From the camp of the Internal Audit Agency, the Fair Wages and Salary Commission has started its nationwide payroll monitoring exercise.
A few weeks ago, the Commission made public the planned operation to purge the public sector payroll of any irregularities.
The Civil and Local Government Staff Association of Ghana (CLOGSAG) expressed concern about the decision, but the commission clarified that it is authorised under the Commission’s Act 2007 (737) to design and monitor benefits and allowances for employees of the public sector, among other things.
The Internal Audit Agency’s payroll was examined as the exercise got up in earnest on Monday.
We asked them (the Internal Audit Agency) to do their own internal auditing and share the report with us so that we could check for ourselves. We want to make it clear that this exercise is highly serious and not a joke to the general public, as well as to sector entities and employees. As Benjamin Arthur, CEO of the Fair Pay and Salary Commission, advised, “advise yourself accordingly if you know you are not deserving of what you are taking.
The Internal Audit Agency responded by saying it was willing to work with the panel to restore reason to the government payroll system.
The Internal Audit Agency’s Director-General, Dr. Eric Osae, also disclosed that public universities and some institutions had the highest rates of payroll breaches over the course of the investigation.
He asserts that this pattern ought to be changed as soon as possible.

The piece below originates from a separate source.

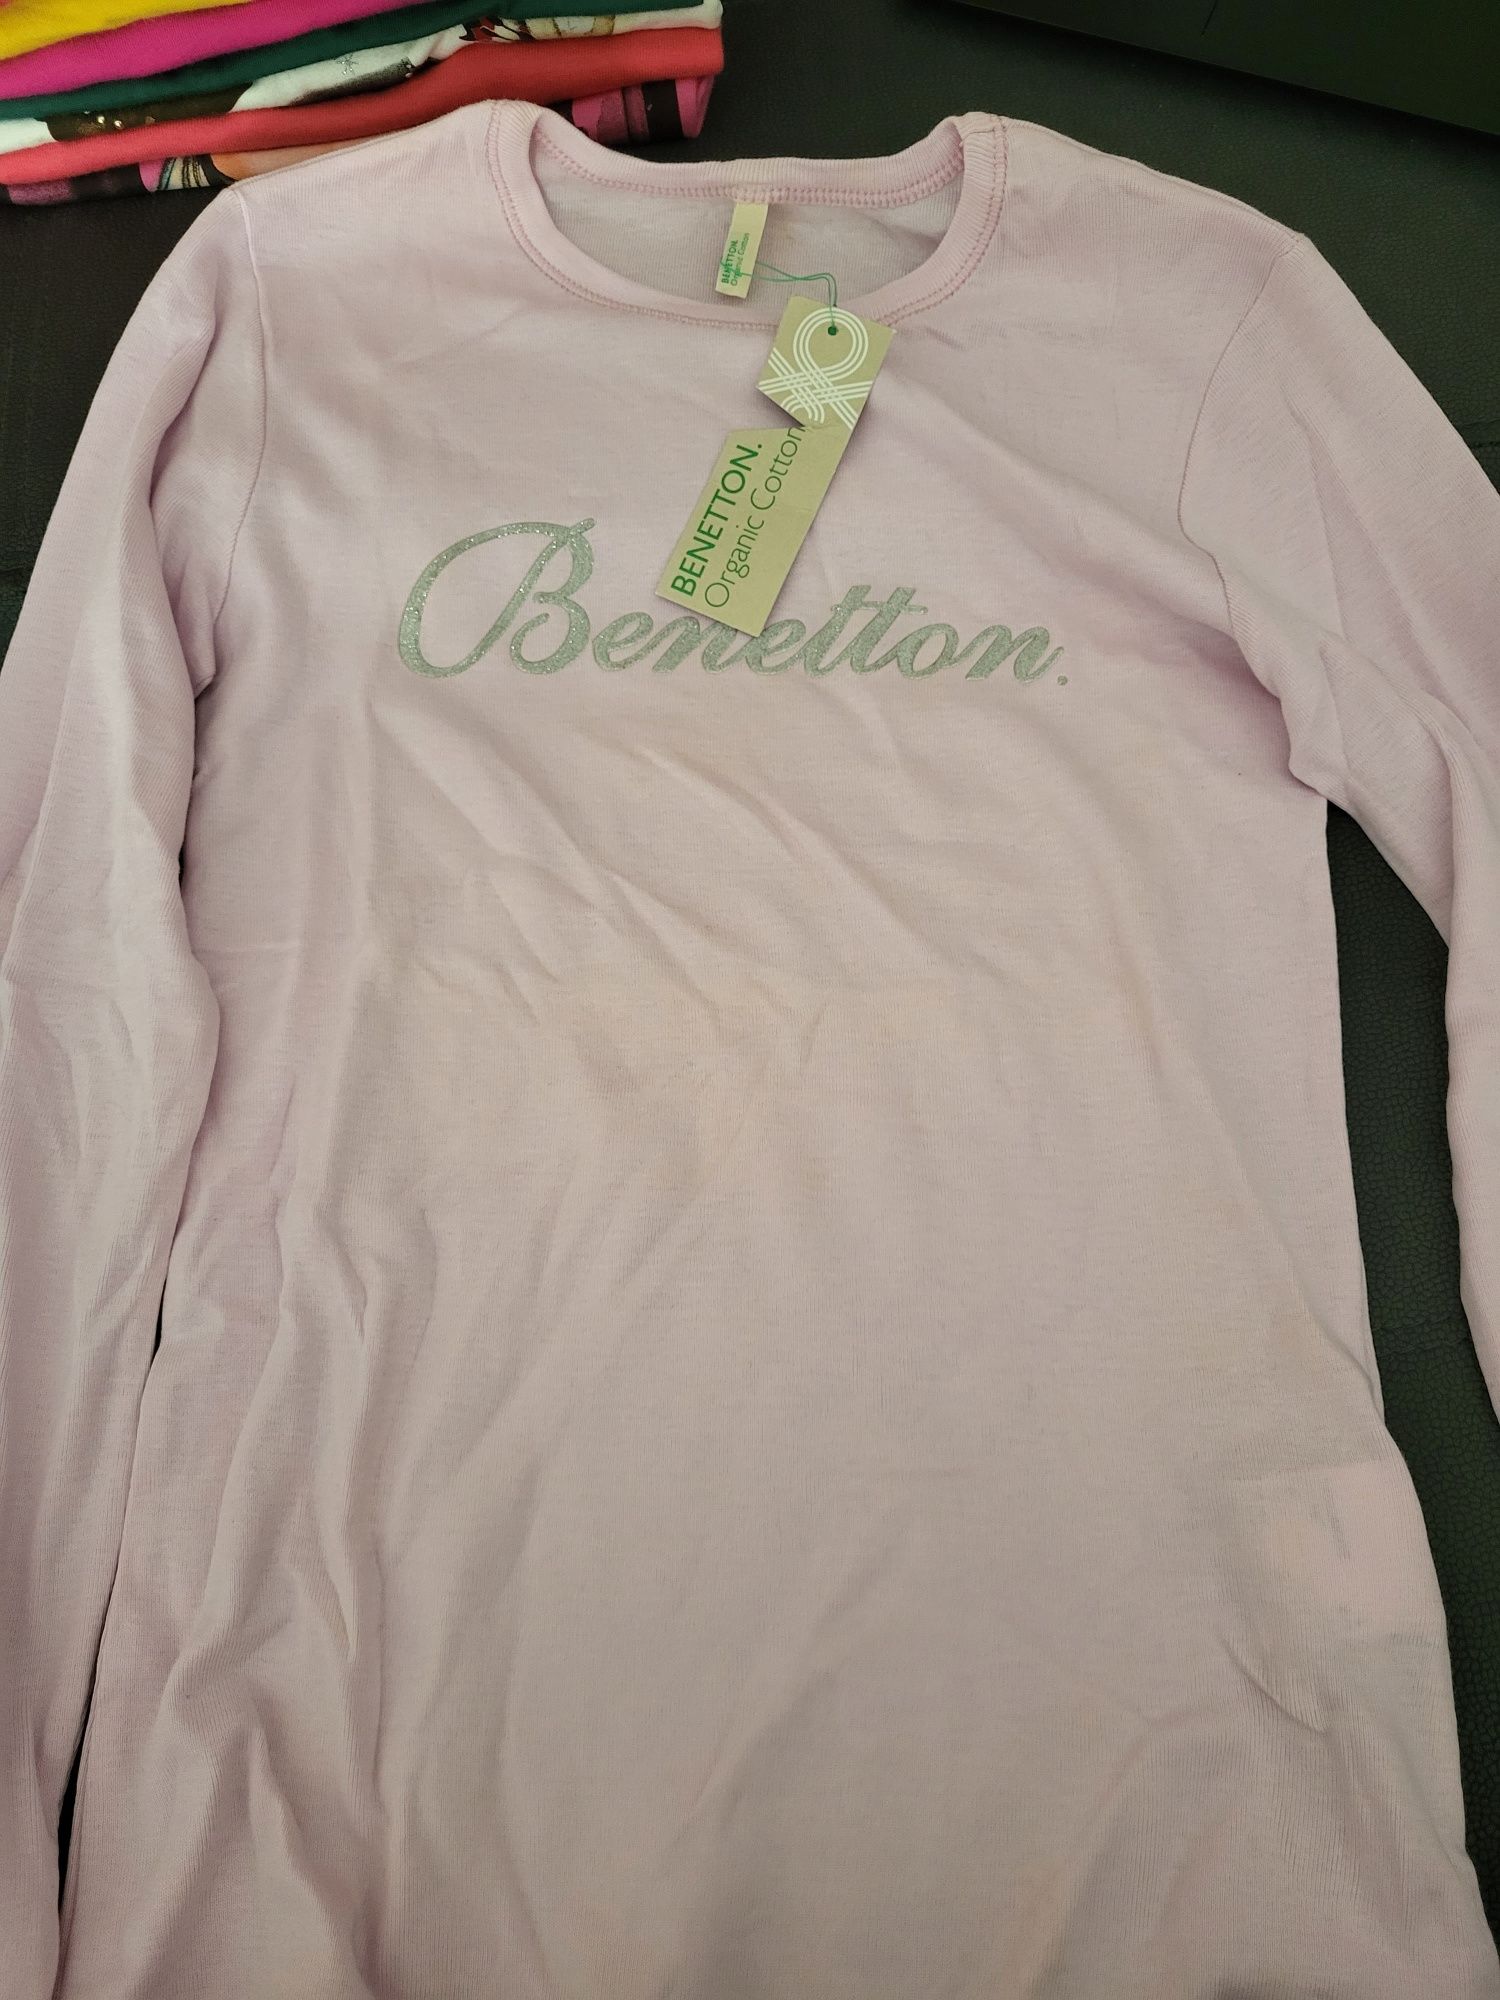 Camisola rosa clara marca "Benetton"- Tamanho 8-9 anos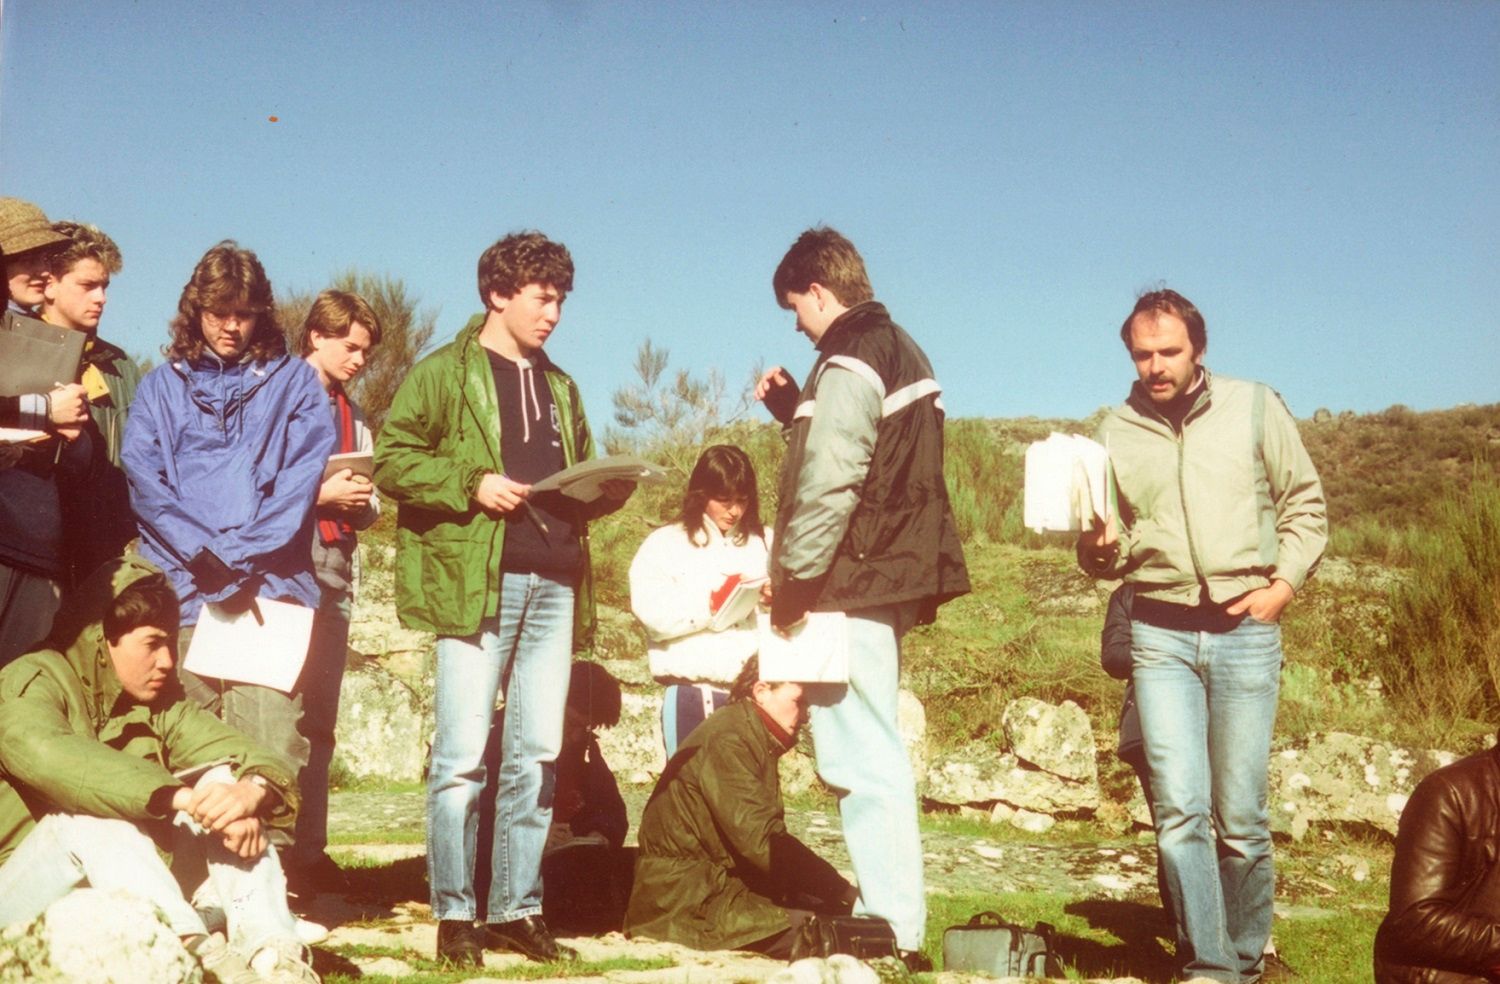 1986 Portugal Field trip - Jim Lewis Image from Linda Drury

“You take the educational and health service sectors of Ghana and local government sectors, and you see that there are challenges there. I am not saying it is widespread in these sectors, but they are risky areas that demand an eye on the payrolls or else it will keep bloating. The other areas include tertiary institutions. There are people who go on sabbatical leave with some never returning but get paid,” Dr. Eric Kwaku Osae, Director-General of the Internal Audit Agency noted.
The commission is hoping to correct issues like overpayment, underpayment, ghost names, and other anomalies in the public sector payment structure.